Cet article n’a évidemment pas envisagé toutes les analyses qui concernent les effets des réseaux sur la santé. Nous n’avons pas évoqué les usages d’internet – qui sont très divers (Convert & Demailly, 2003) – par différentes populations pour acquérir des informations sur les maladies, les soins, les praticiens, ni la possibilité que certains de ces usages puissent créer des « communautés épistémiques » (Akrich, 2010), favoriser l’émergence de savoirs partagés. C’est un domaine important, même si internet n’est jamais la seule source d’information, ou de mise en relation des individus. Une recherche originale a ainsi pu étudier comment des personnes ayant des troubles alimentaires combinent des relations majoritairement face à face et un petit nombre de contacts via internet, et mobilisent préférentiellement certains d’entre eux pour répondre à différents soucis (Tubaro, 2014, Casilli, 2016). De plus il faudrait mentionner tous les travaux qui, depuis longtemps (Cresson, 1991) étudient comment des relations apportent des aides pratiques quotidiennes, souvent lourdes, et des soins qui, pour être définis comme « profanes », n’en sont pas moins de plus en plus spécialisés et presque professionnalisés (Giraud & Al. 2019). Une question moins explorée, évoquée dès 1960 par Eliott Freidson, concerne la manière dont des réseaux de relations contribuent au jugement d’un patient qui « peut échanger ses impressions avec d’autres… et utilise la structure référentielle4 non seulement avant de se rendre chez le médecin mais aussi à son retour, en discutant le comportement du médecin, son diagnostic et son ordonnance avec ses amis ; ceci ayant pour conséquence possible qu’il ne retourne jamais le voir. ». Ces jugement contribuent à la réputation d’un praticien et pourraient participer à une régulation « par en bas » du système de soins.

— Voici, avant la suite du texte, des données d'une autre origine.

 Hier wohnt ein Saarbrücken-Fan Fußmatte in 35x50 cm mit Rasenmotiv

De ce bref aperçu, deux idées peuvent être retenues. On admet facilement que des relations soient des tuyaux dans lesquels circulent des informations sur la santé. Il faut admettre aussi que des relations comportent des interactions qui produisent des contenus cognitifs nouveaux et façonnent des représentations, parfois unifiées, parfois diversifiées. Une seconde idée est qu’une des dimensions du processus qu’on appelle « influence » interpersonnelle, n’est autre que l’exercice d’un contrôle relationnel qui suppose des possibilités de surveillance et de sanction positives et négatives.

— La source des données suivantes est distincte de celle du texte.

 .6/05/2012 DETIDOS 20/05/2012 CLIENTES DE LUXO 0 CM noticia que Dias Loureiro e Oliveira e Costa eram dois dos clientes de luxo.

Finalement, abandonner une approche strictement individualiste des comportements de santé au profit d’une conception qui tient compte des effets des réseaux personnels peut conduire, comme le suggèrent Ruth Hunter et ses collègues à déplacer la cible des interventions publiques de la sensibilisation des individus à la manipulation des réseaux de relations personnelles (Hunter & AL., 2019) : “We recommend that the scientific community should move beyond individual-level approaches to design and test interventions that use the largely untapped potential of social networks to improve health behaviours and outcomes.”

1 Sauf si un mal est contagieux car l’individu peut être légalement contraint à la publicisation. Et il est invité à avertir les proches concernés pour un mal transmissible.

2 Mais on peut généraliser : des gens dont l’activité ou le bien être dépendent d’autres individu ont intérêt à ce que ceux-ci prennent soin de leur santé (famille, équipe de travail, groupe volontaire, etc).

3 H.S. Becker examine à peu près les mêmes conditions dans Outsiders, p.145 et sq. (1963).

4 Le réseau des proches avec lesquels il peut discuter des problèmes de santé.